Erinna to Neto. Listen. You learn from me.

They know you, Neto. Spartans do. Antikrates and Kuniskos himself. They follow you. You and the priestesses at the low temple in the marshes are easy game. Targets for that helot traitor. His packs of Spartan killers hunt you. He knows the paths of your helots. So come up here for a spell, out of sight. Here you will be in school, safe with my girls. The Spartans fear to come up our slopes, fear the wild and the wolves. Be in good spirits. Erinna of Ithome.

From this new mud-brick school Erinna sent down agents to Neto, who returned each evening from her to the safety of the sanctuary. Always Erinna’s helots went back up to her with stories of the revolt, of Spartan killing, and of a countryside in rebellion-waiting for news of the great army of Epaminondas and the Boiotians’ promised turn to the west, as had been ordained for the first month of the year, Theban Boukatios. The helots sang that this Boiotian first month would see the Thebans finally on Ithome and their Spartan taskmasters gone. Meanwhile in the days of waiting from the first of the year, they kept killing Spartans in ambushes. They hid their wine and grain from the food collectors of Sparta and in threes and fours left the farms to hide in the highlands.

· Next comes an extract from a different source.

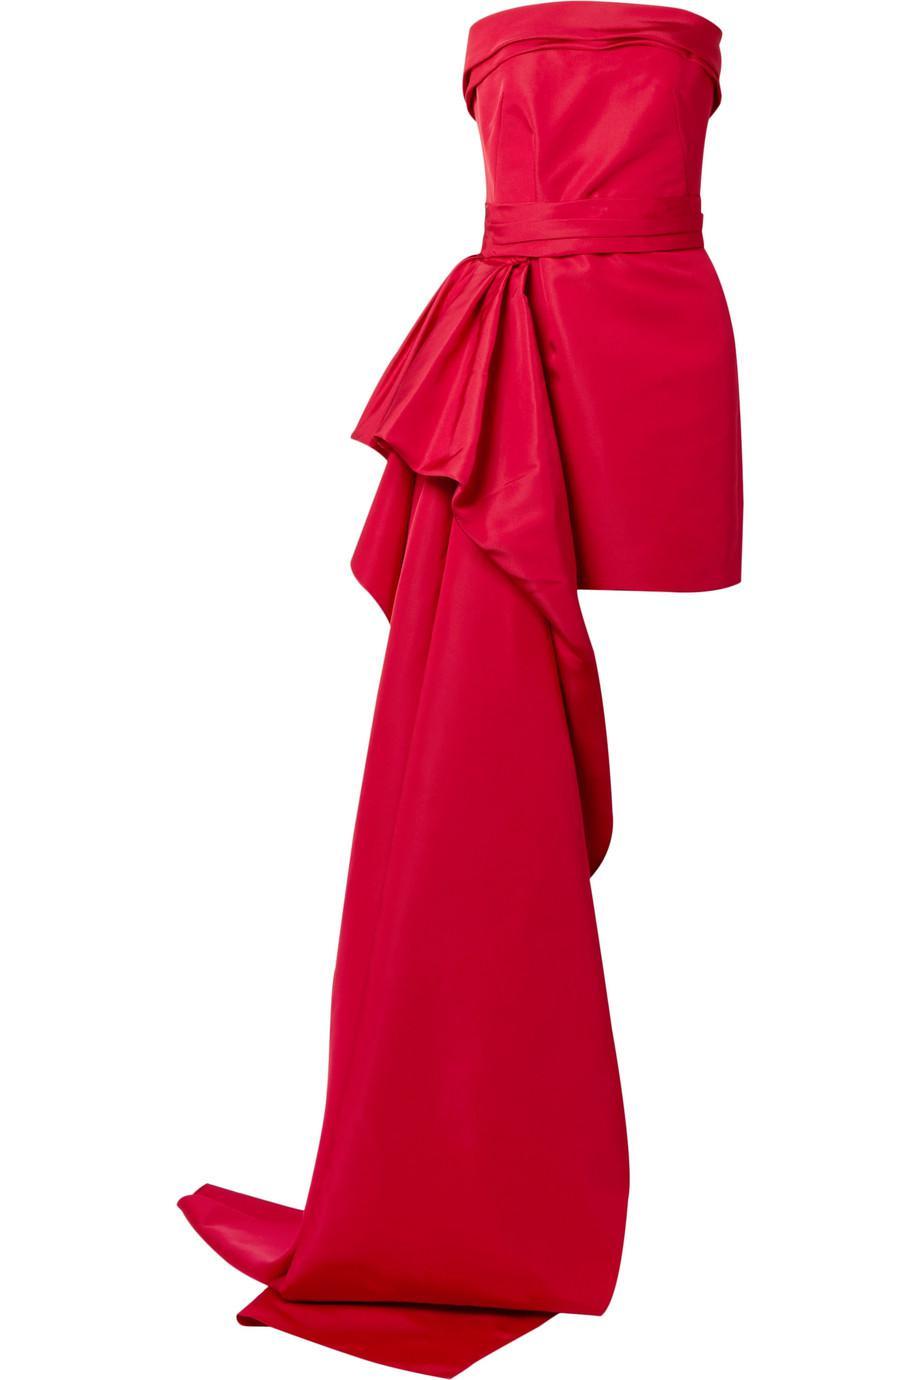 Lyst - Reem Acra Silk-faille Mini Dress in Red

These helot marauders-maybe five thousand were loose, a thousand or more with Neto and Nikon-were fed and kept safe by the temple priestesses, in the shrines and sanctuaries from Pylos up to the falls of the Alpheios. Each night the holy women sheltered the helot Spartan hunters, ever hot after Antikrates and his killer henchman known as Puppy Dog. Meanwhile Erinna far above had taught the girls at her school that the prophecy was nearly fulfilled-the apple would fall again, and seven myriads of hoplites would sweep down from the mountains of Taygetos, all led by her Epaminondas, and Melon, and the blood-crazed Chion, all taught by Alkidamas and the deadly Ainias and the great-hearted Proxenos. Soon these names were in songs and chanted by the girls as they went back down to the markets of the Messenians.